Archived-At: <https://mailarchive.ietf.org/arch/msg/ietf/A1I9CyoVogeO6MvszupTNS3IgkE>
X-BeenThere: ietf@ietf.org
X-Mailman-Version: 2.1.26
Precedence: list
List-Id: IETF-Discussion <ietf.ietf.org>
List-Unsubscribe: <https://www.ietf.org/mailman/options/ietf>, <mailto:ietf-request@ietf.org?subject=unsubscribe>
List-Archive: <https://mailarchive.ietf.org/arch/browse/ietf/>
List-Post: <mailto:ietf@ietf.org>
List-Help: <mailto:ietf-request@ietf.org?subject=help>
List-Subscribe: <https://www.ietf.org/mailman/listinfo/ietf>, <mailto:ietf-request@ietf.org?subject=subscribe>
X-List-Received-Date: Tue, 05 Jun 2018 06:53:48 -0000

On Tue, Jun 5, 2018 at 1:50 AM Barry Leiba <barryleiba@computer.org> wrote:

> On Mon, Jun 4, 2018 at 11:10 PM, Nico Williams <nico@cryptonector.com>
> wrote:
> >> We're in a space where the evaluation of A==B depends on more than
> >> the bit strings A and B. Your post about form-insensitive filename
> >> comparisons is a case in point, although I don't pretend to understand
> >> it. OK, we can argue whether that's a dark art or simply complicated
> >
> >   form_insensitive_strcmp(a, b) == memcmp(normalize(a), normalize(b))
> >
> > Except that actually one can greatly optimize this to avoid most of the
> > compute and memory cost of normalization.
> >
> > To see why consider comparing my first name as I usually write it
> > (Nicolas) vs.  how it should be written (Nicolás).  The two strings
> > should compare as not equivalent.  But the two ways to write the second
> > form (with the &acute; precomposed vs. decomposed) should compare as
> > equivalent (because they are).
>
> But there's one of the things that makes this a complicated topic:


I was describing a specific primitive, but i do like your taking this
further:

- we say that "nicolas" is not equivalent to "nicolás"
> - but we say that "nicolás" *is* equivalent to "nicola´s", and we
> handle this using normalization


Right, that is simple enough.  For some value of simple.  You need
normalization code (which isn't trivial), then it is simple.

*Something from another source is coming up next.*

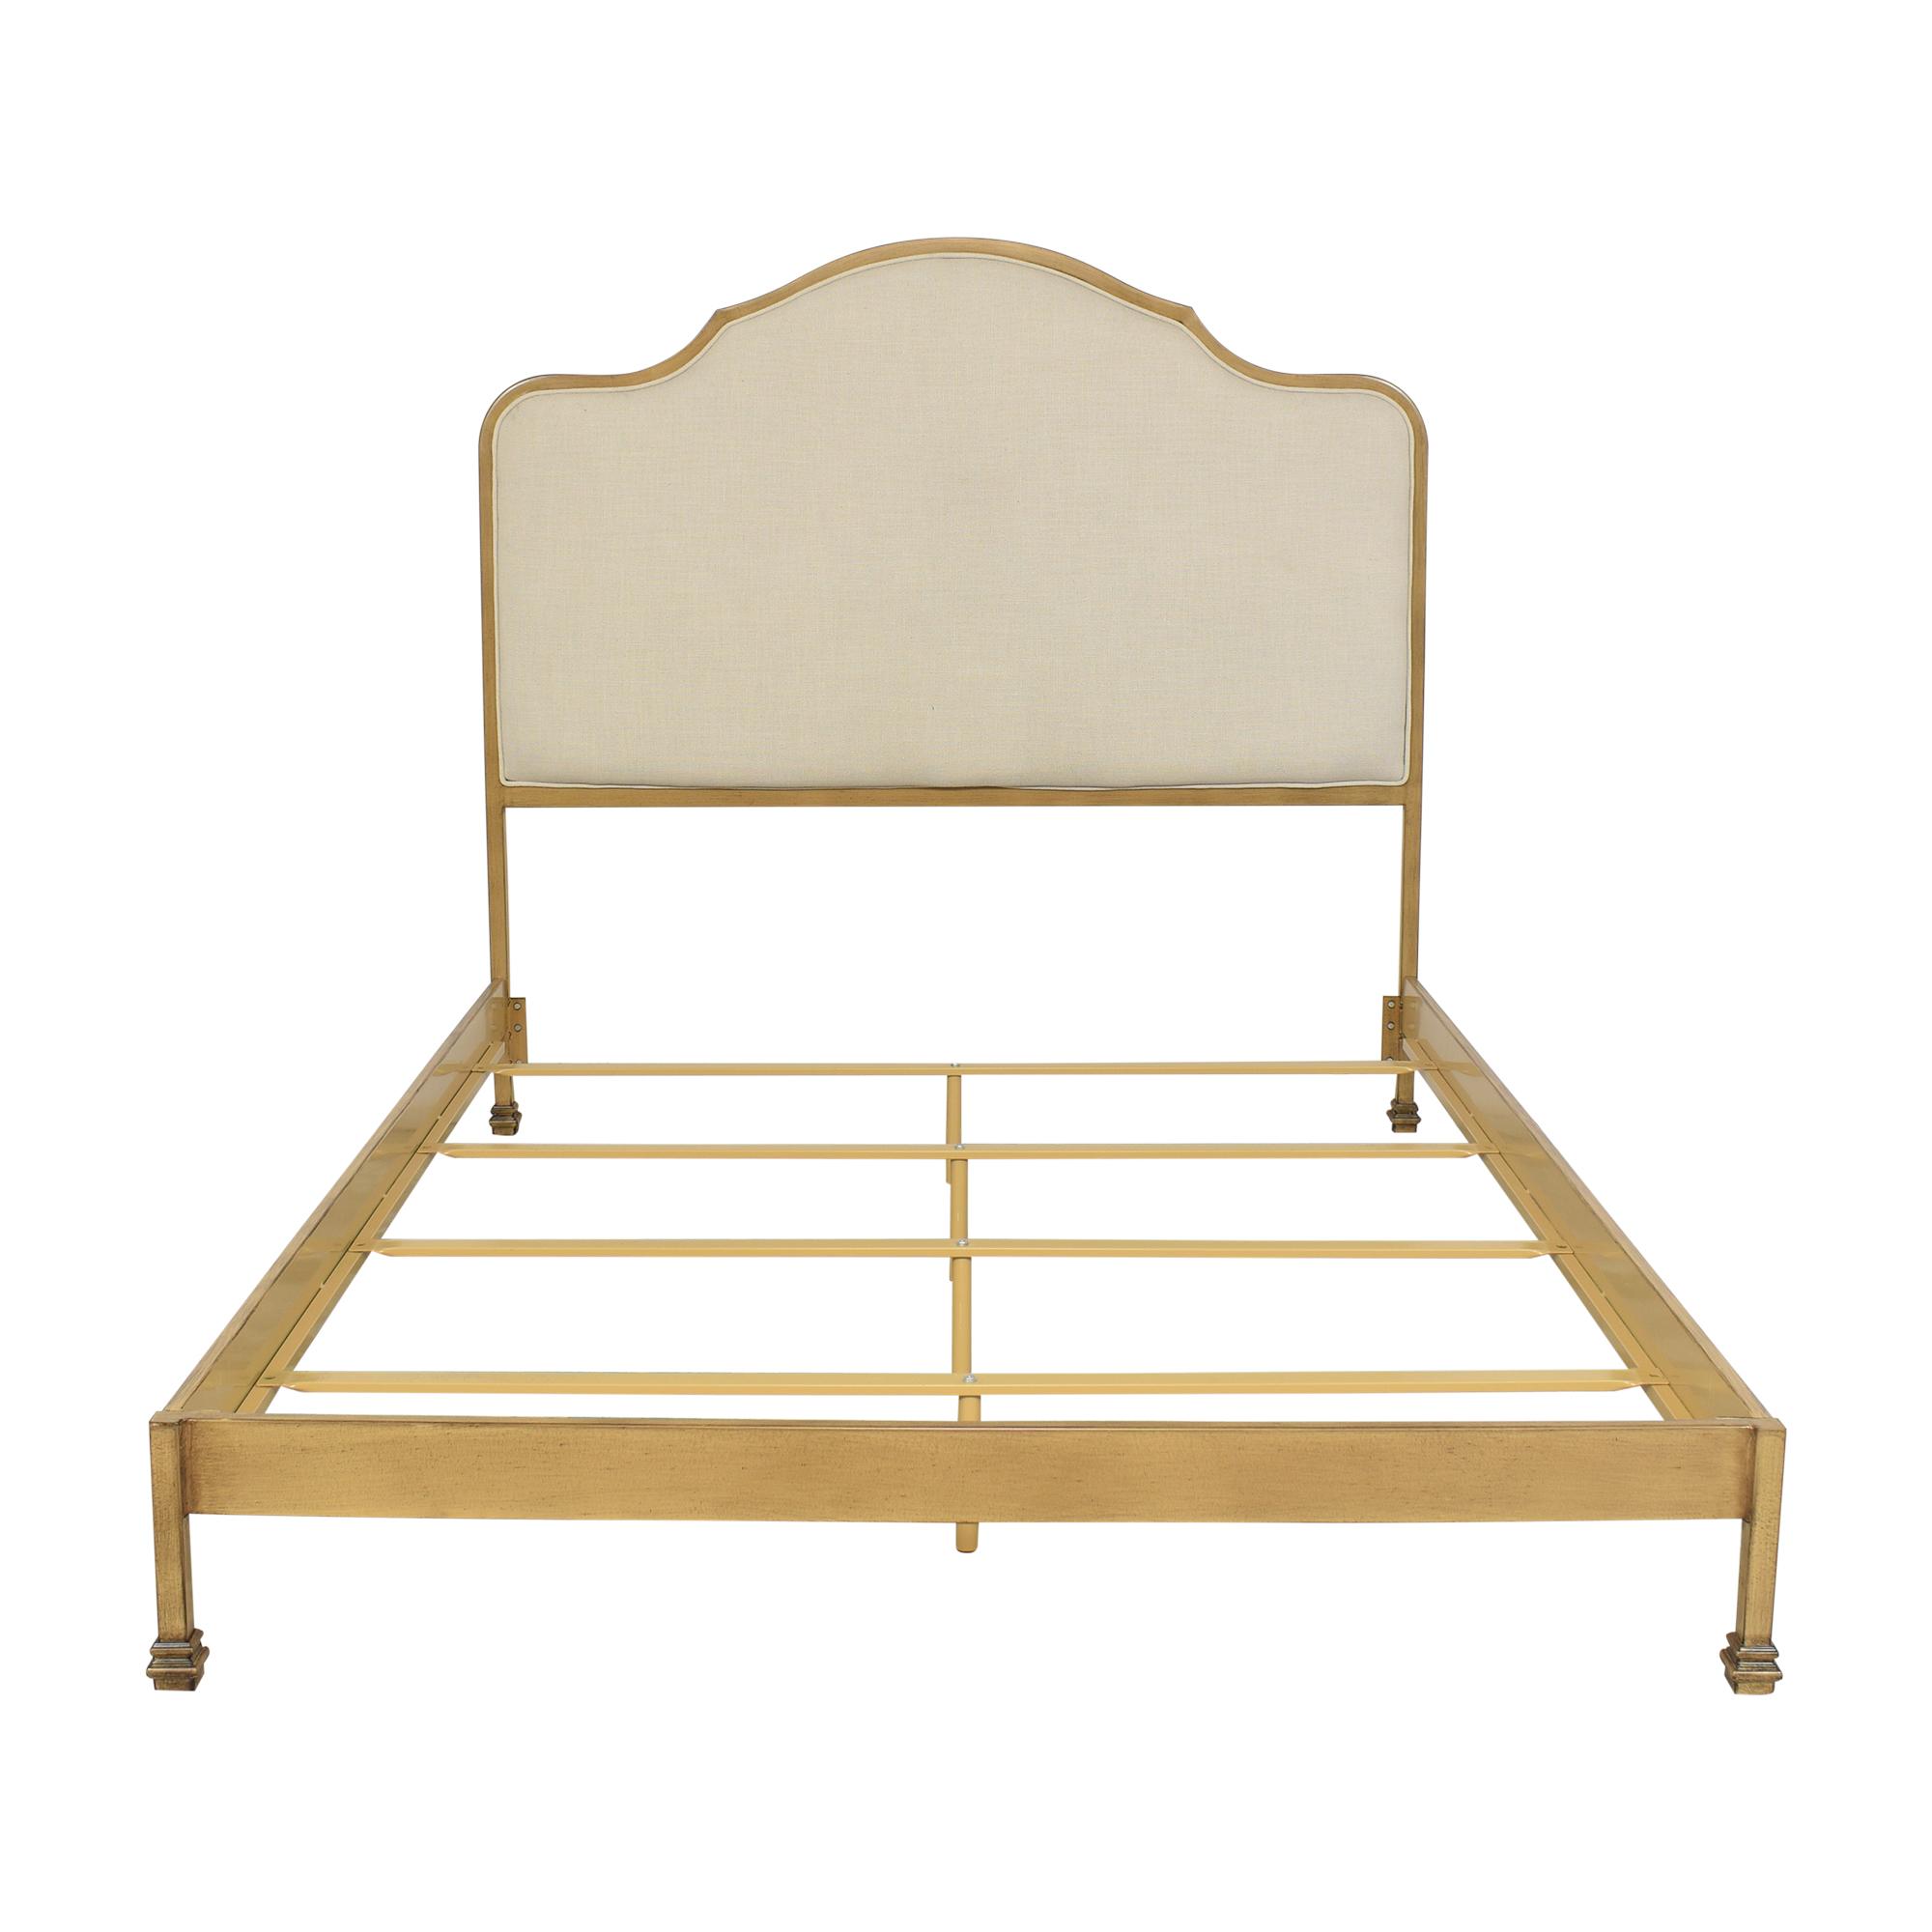 Leggett & Platt Leggett & Platt Calvados Queen Panel Bed for sale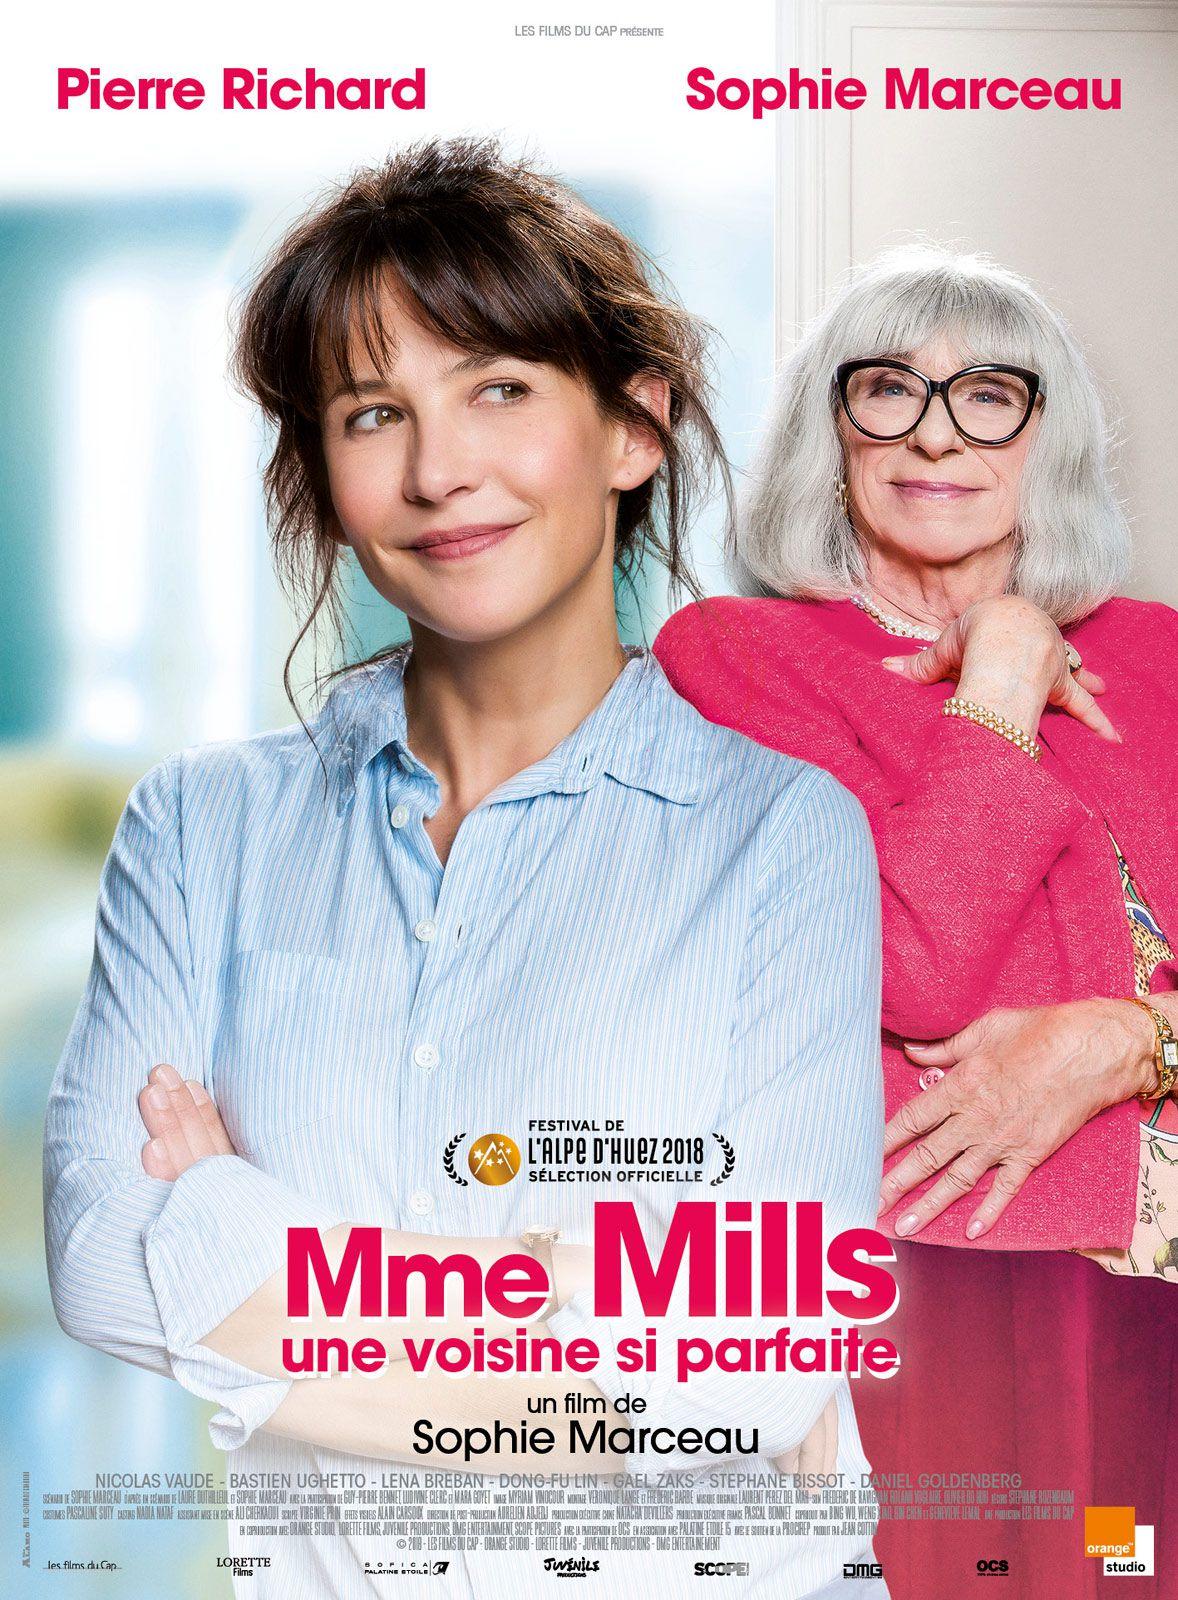 Mme Mills, une voisine si parfaite - Film (2018)

- does that mean that it's OK to have "nicolas" and "nicolás" as two
> different usernames assigned to two different users?


In filesystems there's also whether to be case-sensitive, and out can be a
per-filesystem opt-in.

As to usernames, principal names, and so on, well, it's a rather subjective
choice.  "Nicolas" is perfectly correct in French, and is distinct from
"Nicolás", though it can be confusing, especially if you have software that
cannot display accents...

Now, they obvious question is: is this something a protocol should address
by making &acute; equivalent to 'a' globally, or should this be policy
local to an appropriate administration domain?  Well, that's a bit of a
judgement call, but the best option is to give people the freedom to make
that choice where possible.  Thus, not globally considering any
combinations of 'a' equivalent to each other and 'a... is the better
approach.

In terms of DNS, consider a proposal to ban mixing of scripts in any one
label...  But in South Korea it is common to mix Hangul with -ing endings,
so why should .kr not be allowed to use at least that sort of actor
mixing?  There are almost certainly other similar cases, and more will
arise as culture evolves!

Who is in a better position than they registries to make such a decision?
Certainly NOT the IETF, not any one participant and not the IETF
collectively.

There is a big difference between form equivalence (same exact character,
two or more ways to represent it as the codepoint level) and confusables.
We can trivially (see above) deal with the former, but the latter is going
to need local policy.  I really don't see a better answer re: confusables,
and i know that's not a popular opinion, but i don't think it's wrong.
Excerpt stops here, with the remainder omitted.